This hypocrisy mainly surrounds his racist views and can be seen as a representation to Faulkner’s understanding and experience of the Southern tradition of racism: it is so contradictory that it does not hold up to logic. In the opening scene of the story, Jason speaks of Quentin’s promiscuous actions and advises his mother, “when people act like niggers, no matter who they are the only thing to do is treat them like a nigger.” (181) Only a couple of sentences following, in where Jason per usual of his tendencies, exacerbates how much work he puts in for the family, his mother pleads, “I know you have to slave away your life for us.”(181) First, absolutely none of the black characters in the book display promiscuous behavior – rather it is Jason’s white siblings. Second, the mother somehow equates going to work with being a slave — readers are all well aware that Jason does not actually do any work and instead deceitfully cashes in his sister’s checks.

The narration is centered around Quentin’s skipping out on school, which ironically reveals Jason’s own skipping out on work. On one of the busiest days at work of the year, Jason slips out shortly after arriving to work, finds “a nigger” to fetch his car and when he returns with the car, Jason in his untrustworthy-narrator fashion notes it had taken a week and asks if he had taken so long because he had been “riding along where the wenches” could see him. When the man answers that he had to drive around the square due to traffic, Jason notes that he had “never found a nigger that didn’t have an airtight alibi for whatever he did.” (218)

After stopping at home for a dramatic dinner, stopping at the bank to deposit his stolen checks, and stopping at the telegraph office where he has invested in stocks, Jason finally returns to his job at the store. When his boss, Earl, asks if he had gone home for dinner, Jason tells him that he had gone to the dentist. In a situation where he did not have to lie at all, as Earl had asked in a casual manner and is not a character who has ever shown disrespect, Jason produces an airtight alibi.

To add to his delusion, Jason, in a monologue, speaks of the glory and the farming land his slave-owning family once owned. He gazes at the vast open space, the miles of untilled land and notes, “it’s a good thing the Lord did something for this country; the folks that live on it never have.” (239) Just after noting the fact that his family owned humans to work and tend to his family’s land, he denies the existence of these folks and their unappreciated, uncompensated work.

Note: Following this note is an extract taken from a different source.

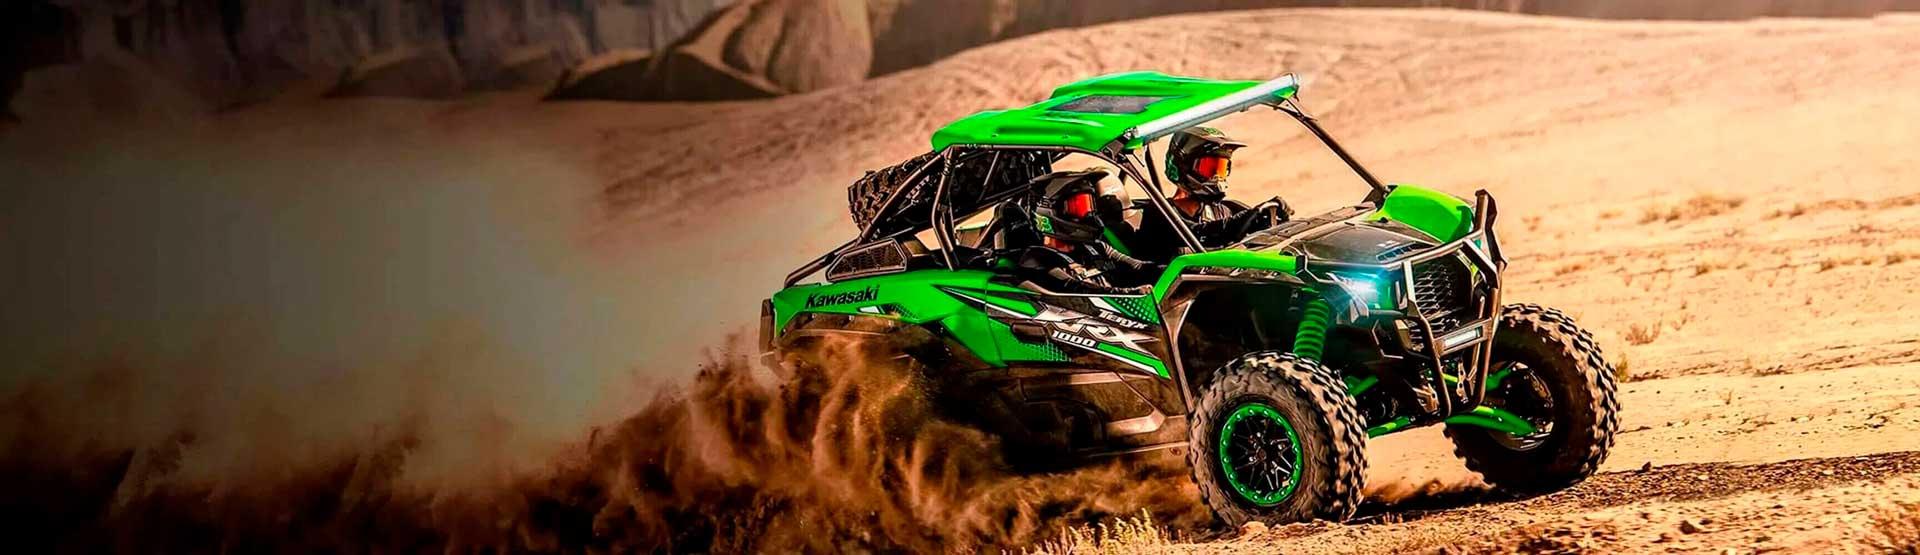 Teryx 1000 Kawasaki

When Jason strolls late into work, a black man named Old Job who works for Earl, is already at work uncrating cultivators. The name Old Job recalls the story of the biblical figure who had terrible things happen to him repeatedly to test his faith in God. In one hand, Jason could be seen as a Job character, someone who did not deserve to have an alcoholic father, absent mother, siblings who commit incest, and a brother with a mental disease that no one seems to know what to do about. But on the other hand, I think we ought to observe Jason as less of a Charlie Brown, pity party figure and more as a representation of the absurdity and hypocrisy of the southern tradition of racism and its crippling effects on not only the victims but the perpetrator himself.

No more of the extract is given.